2 Materials and Methods
2.1 Yeast Inoculum
The yeast strains used in this work were isolated from the effluents of a rubber industry thanks to Nsoe protocol (Nsoe et al. 2013). The yeast characteristics are shown in Table 1.
Yeast were cultivated on the following growing medium (Atagana et al. 1998): meat extract 1 g L−1 (Sherlan réf 07-075, Spain), yeast extract 2 g L−1 (OXOID code L21, England), peptone 5 g L−1 (Liofilchem réf 610038, Italy), and sodium chloride 5 g L−1 (Jeulin réf 107 115, France) at pH = 6.5.
2.2 Synthetic Influent
The synthetic influent was built to ensure usually concentration found in rubber factories. Ammonium formate was the only source of carbon and nitrogen. It was added in order to cover different nitrogen concentrations: from 1.59 to 7.94 mM (22.3 to 111 mg N L−1). Ammonium formate were mixed to mineral salt medium (in g L−1): MgSO4 (0.2), CaCl (0.02), KH2PO4 (60), K2HPO4 (14). A stock solution of microelements (in g L−1)—ZnSO4 (10.90), FeSO4 (5), MnSO4 (1.54), and CuSO4 (0.39)—was prepared and added to the influent at 0.1% (V/V). Then, 0.25 g L−1 of chloramphenicol was added to inhibit the bacterial growth and the synthetic influent was sterilized at 110 °C for 10 min.
2.3 Experimental Set-up: Batch Bioreactor
Figure 1 shows us the Batch Bioreactor mounted for this experiment, it consists of several bioreactors of 1 L (with a useful volume of 0.8 L) were used and immersed in a water bath to maintain the temperature at 25 °C. Aeration was supplied thanks to an air compressor (GIANESSIEDILIO, NML 58629, LT 100, ATE 12TEMPA, Italy) to ensure that dissolved O2 was not a limiting factor for biomass respiration and growth. In order to reduce bacterial contamination and CO2 content, air inlet undergoes a succession of washing solution with 1 mM sodium hydroxide and 1 mM hydrochloric acid. Then, air outlet was connected to a 500-mL jar containing a 0.5 mM sodium hydroxide solution in order to quantify the CO2 released during the catabolism of ammonium formate.
2.4 Analytical Methods
Samples were centrifuged at 1200 rpm, 4 °C, and 10 min. in 5000g a Kendro-Heraeus PrimoR centrifuge (Biofuge, Germany). Then, ammonium ions (NH4+) where titrated by a portable mini-photometer of mark HANNA Checker HC ® HI 733 Woonsocket RIUSE ROMANIE. The formate is determined by the method of the center of expertise in environmental analysis of Quebec code: MA.405-C11, 2014).
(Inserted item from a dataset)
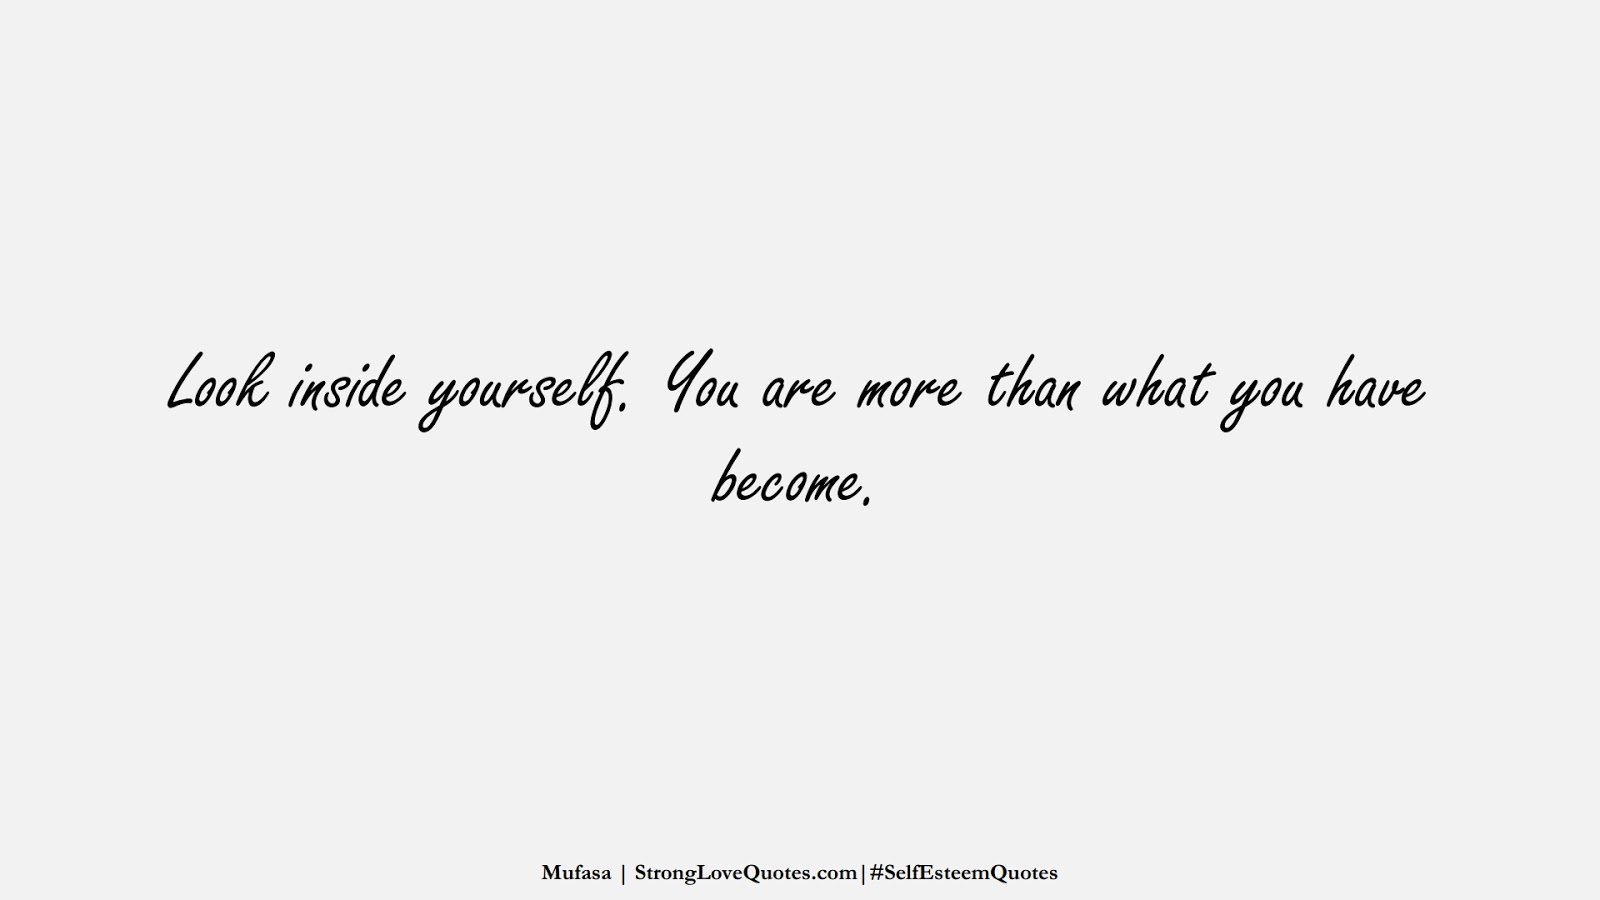 Look inside yourself. You are more than what you have become. (Mufasa);  #SelfEsteemQuotes

2.5 Determination of Maximum Enzymatic Activity
In order to establish the maximum enzymatic activity curve as a function of the substrate concentrations (formate and ammonium), the slope of the biodegradation kinetics curves of the substrate (formate and ammonium) as a function of time allows us to determine the enzyme activity for each strain at each substrate concentration.
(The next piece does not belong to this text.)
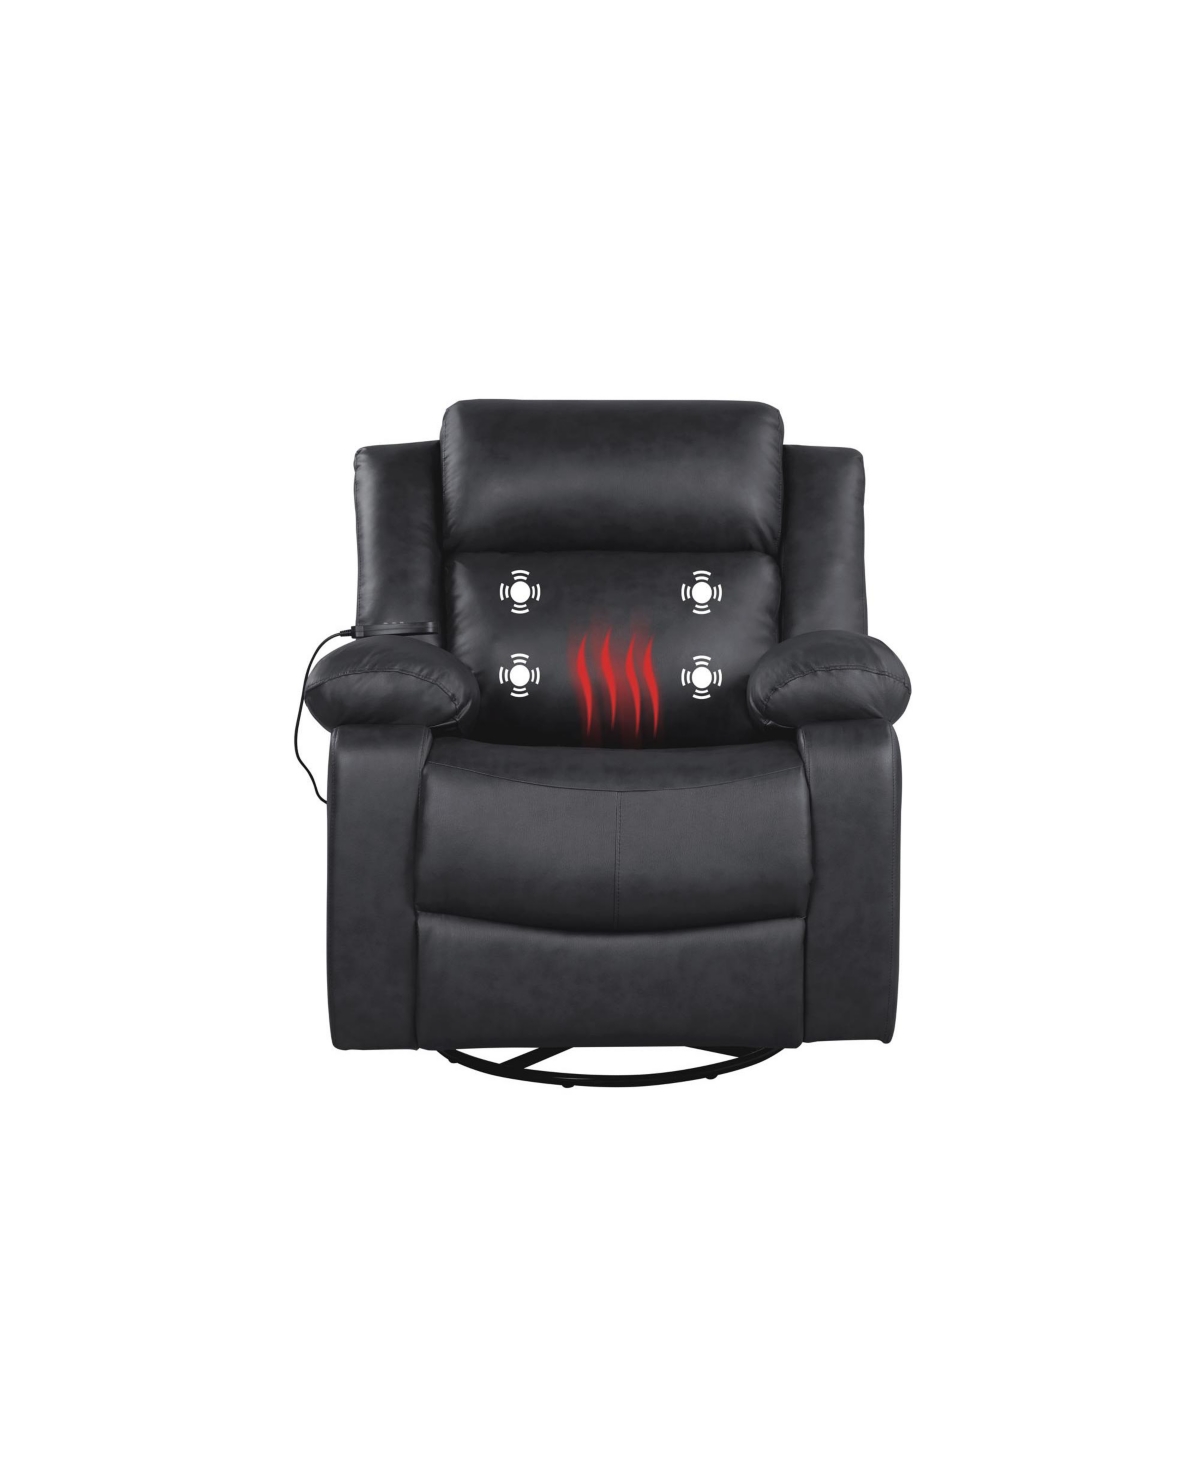 Lifestyle Solutions Relax A Lounger Max Manual Swivel Recliner With Heat And Massage In Black

2.6 Calibration and Validation of Inhibition Model by Ammonium Formate
A large set of different widely published substrate inhibition models were used to analyze experimental data (Table 2). The parameters of different models were estimated from the experimental results using MATLAB v.7.1. Since the models had nonlinear coefficients, the parameters were estimated iteratively with nonlinear least square algorithm.
3 Results and Discussion
3.1 Kinetics of Ammonium Biodegradation by Yeast Strains at Different Concentrations of Ammonium Formate
Figures 2 and 3 show the variation of the ammonium ions as a function of time for each concentration of ammonium formate. We find that yeasts assimilate ammonium ions regardless of the concentration of ammonium formate because all curves have a decreasing rate. But the percentage of abatement varies from one strain to another and from one concentration to another. In addition to all the concentrations of ammonium formates, there is a latency time which shows that there is either an adaptation time for the biodegradation of ammonium ions or that this source of energy would be a source of energy which is not directly used by yeasts. In contrary, the percentage of ammonium ions catabolized by yeasts is inversely proportional to the concentration of the ammonium ions present in the medium. What shows that it is the ammonium ions could inhibit yeast metabolism.
3.2 Kinetics of Biodegradation of Total Organic Carbon by Yeast Strains at Different Concentrations of Ammonium Formate
Figures 4 and 5 present the variation of formate as a function of time during the biodegradation of ammonium formate at different concentrations. All the figures present a decreasing pace whatever the strain without a latency time that might suggest that carbon is the main source of energy for growth yeasts compared to biodegradation curves of ammonium ions or there is a time of adaptation. We also find that for concentrations between 1.95 and 6.35 mM in ammonium formate, the percentage of abatement of formate is 98% regardless of the strain. The shape of the curves at 7.94 mM shows that this molecule is still being assimilated by yeasts and the percentage of abatement is lower.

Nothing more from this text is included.